# Why do some barrel horses act up so much before their runs?



## ClearDonkey (Nov 27, 2016)

It ultimately comes down to training - there was one rider during the NFR this year that could easily walk her horse down the alley way, no jumping, no rearing, nothing at all...


----------



## farrieremily (Jul 8, 2018)

It depends, some just are hyped up in anticipation of their run. Some know they are going to be spurred or smacked. Some times the riders like that behavior for attention it draws. Some horses do nothing else and become ring sour.

It’s not really doing the horse any favors.

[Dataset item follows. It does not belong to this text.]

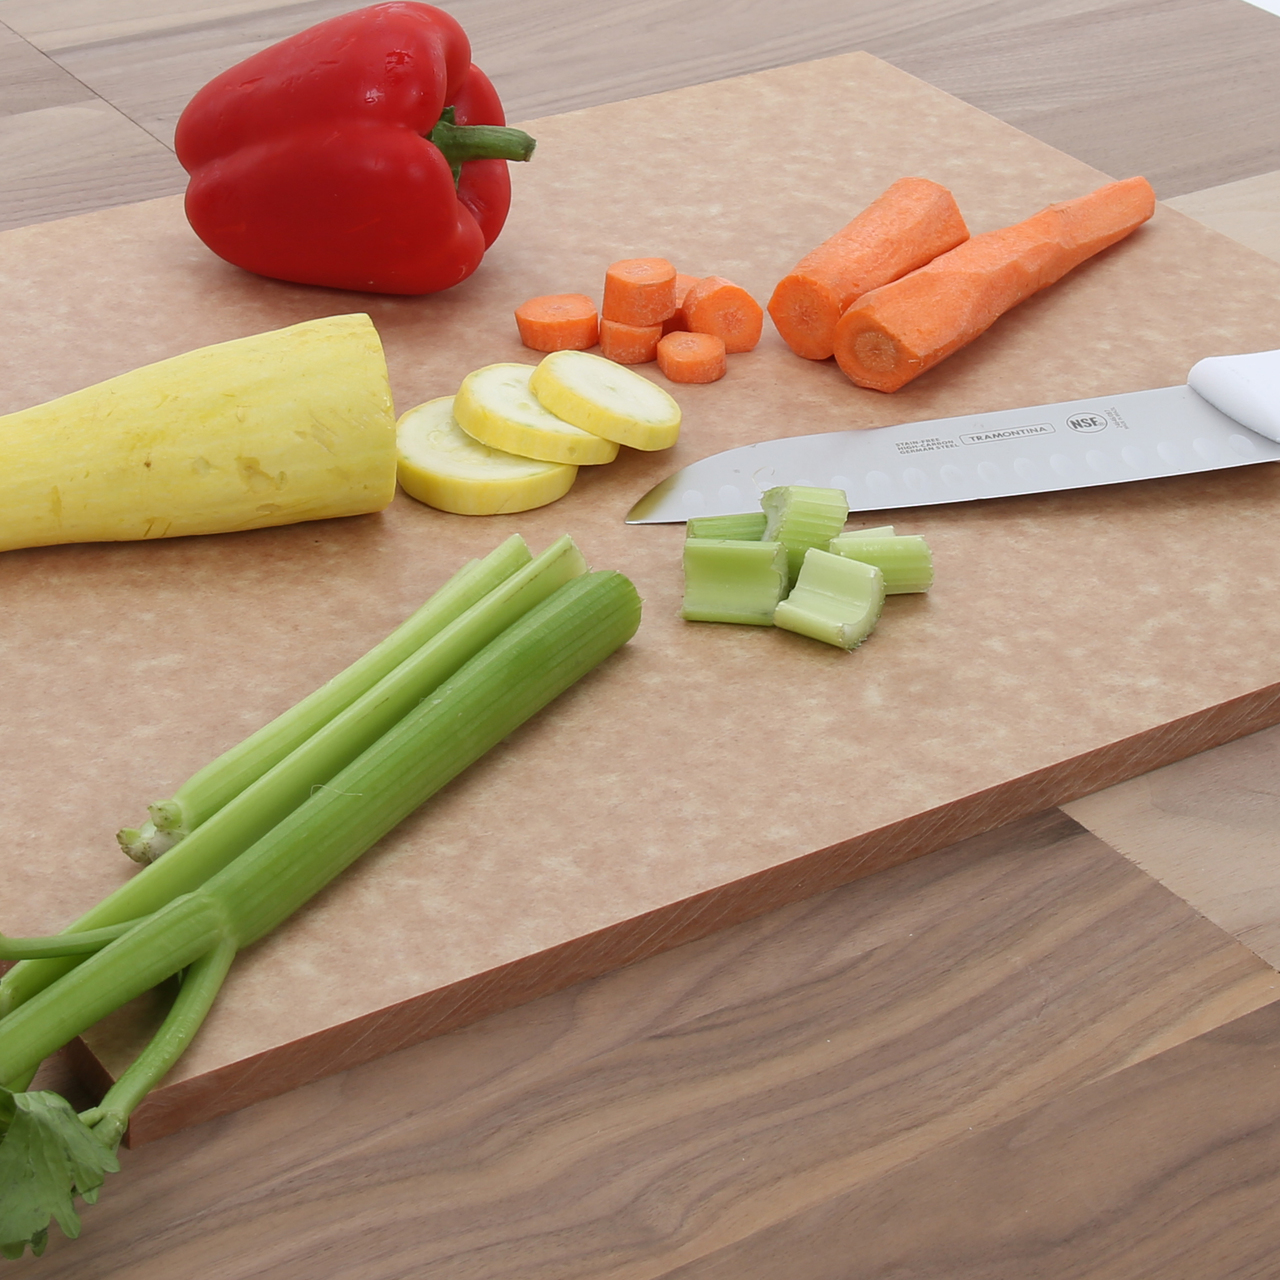 15 x 20 Cutting Board Set of 6 - Cutting Board Company - Commercial Quality  Plastic and Richlite Custom Sized Cutting Boards

I never started a run unless my mare was calm and attentive. She knew she would get to go all out but never gave me a hassle to start. We also did 95% of our barrel practice at a trot or walk with a little cantering. 
We did more than enough galloping and racing on trails to keep in speed shape.


----------



## AbbySmith (Nov 15, 2020)

Yeah I noticed that too. My fav barrel racer right now is Hailey Kinsel. Her horse, Sister, stays pretty still. Hailey is a great rider and totally keeps her under control the whole time!


----------



## QHriderKE (Aug 3, 2011)

In high levels of competition, it's anticipation. 
Talking 1D, pro rodeo calibre here. Those horses can be quirky and really hard to ride. 

Otherwise, I think it's carelessness and skipping steps in training. My own mare is about as hot and anxious as they come, but will still walk quietly to the gate. It's a very important part of training that has to be consistently worked on to stick.


----------



## ~Wildheart~ (Nov 17, 2020)

It varies from horse to horse. Some are anticipating the run while others are foreseeing spurring. Training plays a big part in how a horse acts in the alley, for example, Doc is an ex rodeo horse, he’s patterned to the barrel pattern as well as poles even though he’s 30 years old he still gets antsy right before entering but I make him stop and get his cool together before turning him loose.


----------



## farmpony84 (Apr 21, 2008)

They have a job to do and they love it...


----------



## AbbySmith (Nov 15, 2020)

farmpony84 said:


> They have a job to do and they love it...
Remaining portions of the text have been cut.